Но и Зойка тоже моргнула. Мы одновременно моргнули. Я ручаюсь в этом! Но она, кажется, чуть-чуть, на полсекунды позже.
— Проиграл! — подытожила Зоя.
— Ты тоже, — возразил я. — Не моргнула, что ли? Не ври!
— Так нечестно, — уперлась Зоя. В ее глазах сквозило столько отчаяния, что мне стало жалко ее, и я согласился: да, мол, ничего не поделаешь — наверное, я проиграл. Измученная нами Дунька с недовольным видом улеглась на коврике и, вылизывая себя, косилась на нас. Зойку, казалось, она больше не занимала.
— Закрой глаза, — потребовала она.
Мне хотелось поскорее от нее отвязаться, и я послушно зажмурился. Зойка подошла ко мне. Я слышал ее прерывистое дыхание. С чего она вдруг так разволновалась? Зойка уже дышала прямо мне в лицо. Теплый выдох окатывал меня теплом, и тянуло слабым запахом зеленого лука и вареного яйца: наверное, Зоя наелась, перед тем как понесла корзину мне. Душок, исходящий от нее, мне не нравился, но приходилось терпеть: проиграл!

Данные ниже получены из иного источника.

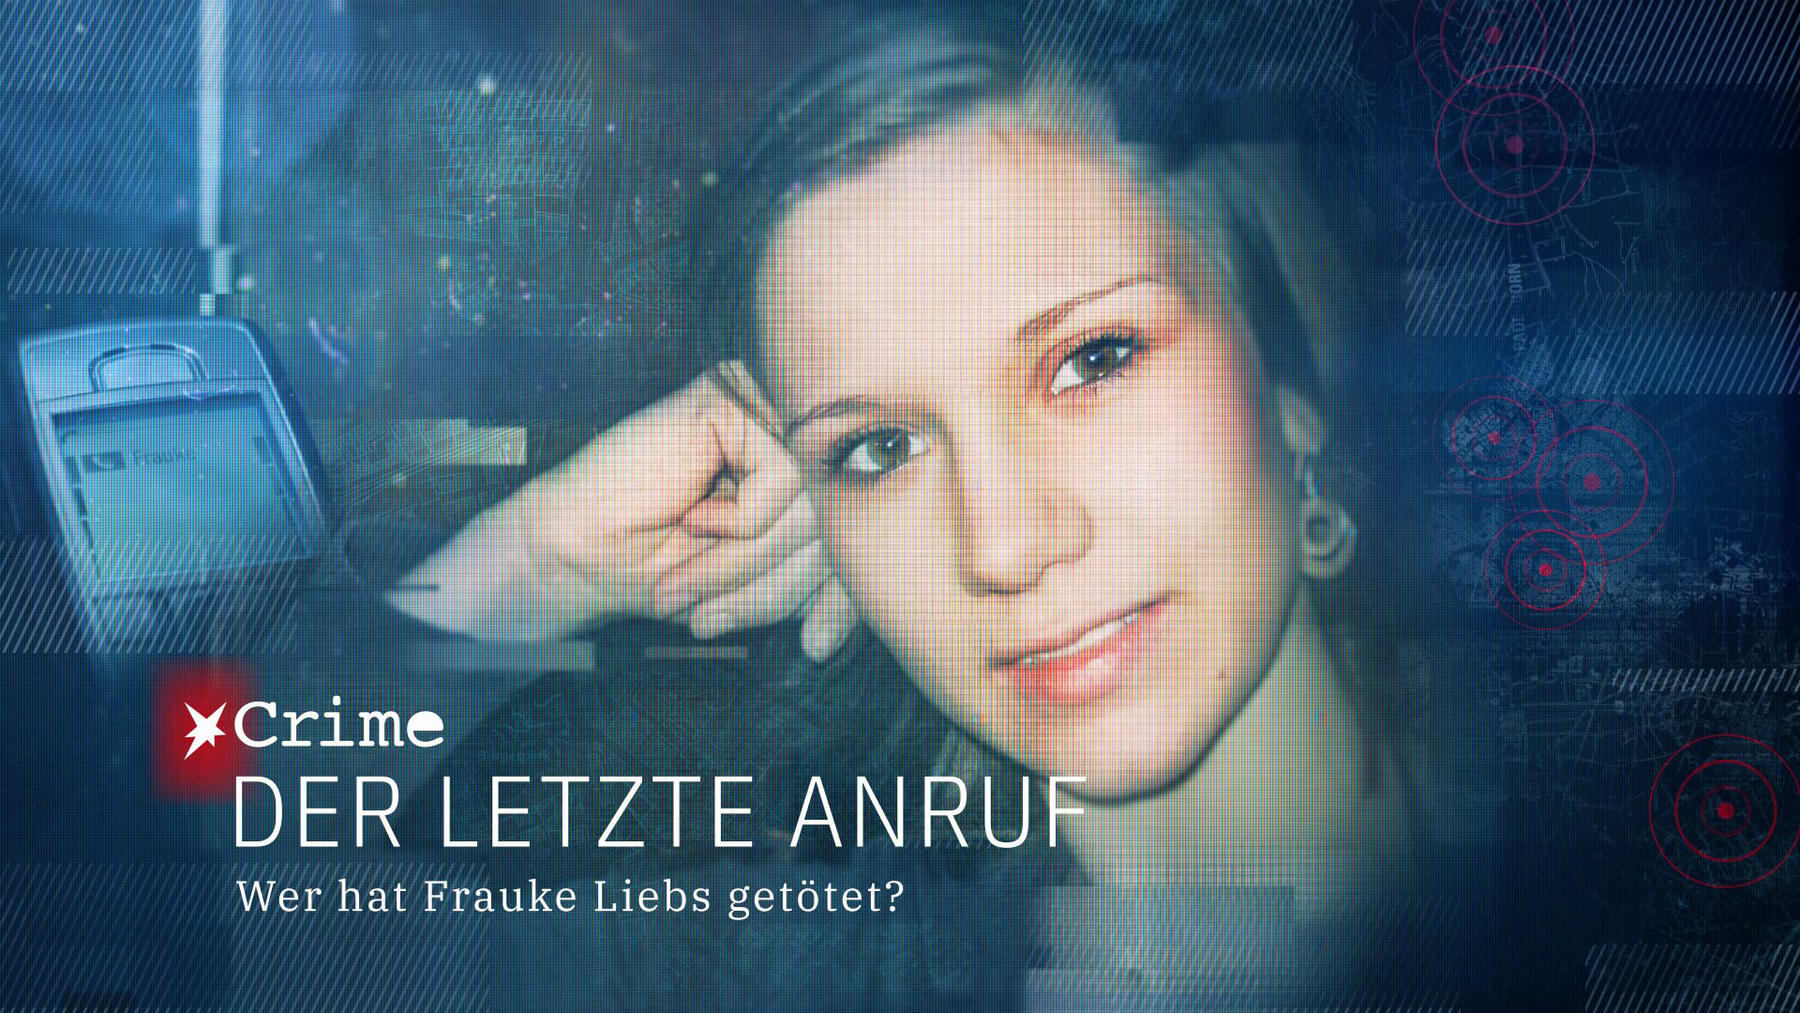 Folge 1 vom 24.11.2021 | STERN CRIME: Der letzte Anruf – Wer hat Frauke Liebs getötet? | Staffel 1 | RTL+

Ее выдох снова обдал мои губы теплом, и вдруг я почувствовал прикосновение к ним чего-то сухого и горячего. Зойка поцеловала меня!
Господи, сколько я мечтал о том, чтобы какая-нибудь девчонка поцеловала меня. И вот случилось! Но, странно, я ничего не ощутил, кроме неловкости, и к тому же прикосновение Зойкиных губ никак не напоминало сахарные уста, дыхание Эола, лепестки роз и всякое такое, о чем восторженные поэты писали в стихах.
— Дура! — неожиданно вырвалось у меня. — Сбрендила, что ли?
— Да ты что? — Зойка даже отскочила от меня.
— Уйди, чтоб я тебя не видел, — тихо бросил я. — Не надо меня жалеть.
— Ты ничего не понял, — она стремительно покраснела. — Глупый!
— И не хочу понимать, — я вытер губы. И мой жест окончательно убедил Зойку в том, что ей лучше уйти. Она, споткнувшись о несчастную Дуньку, выскочила в коридор, что-то там опрокинула и выскочила на улицу.
А вскоре пришли родители. Я сидел и чистил грибы — равнодушно, механически, ни о чем не думая. Лучшее занятие отвлечься от всяких навязчивых мыслей — монотонная работа.
— Володя не заходил? — спросил папа.
— Нет.
— Странно, никто его не видит. Куда пропал человек?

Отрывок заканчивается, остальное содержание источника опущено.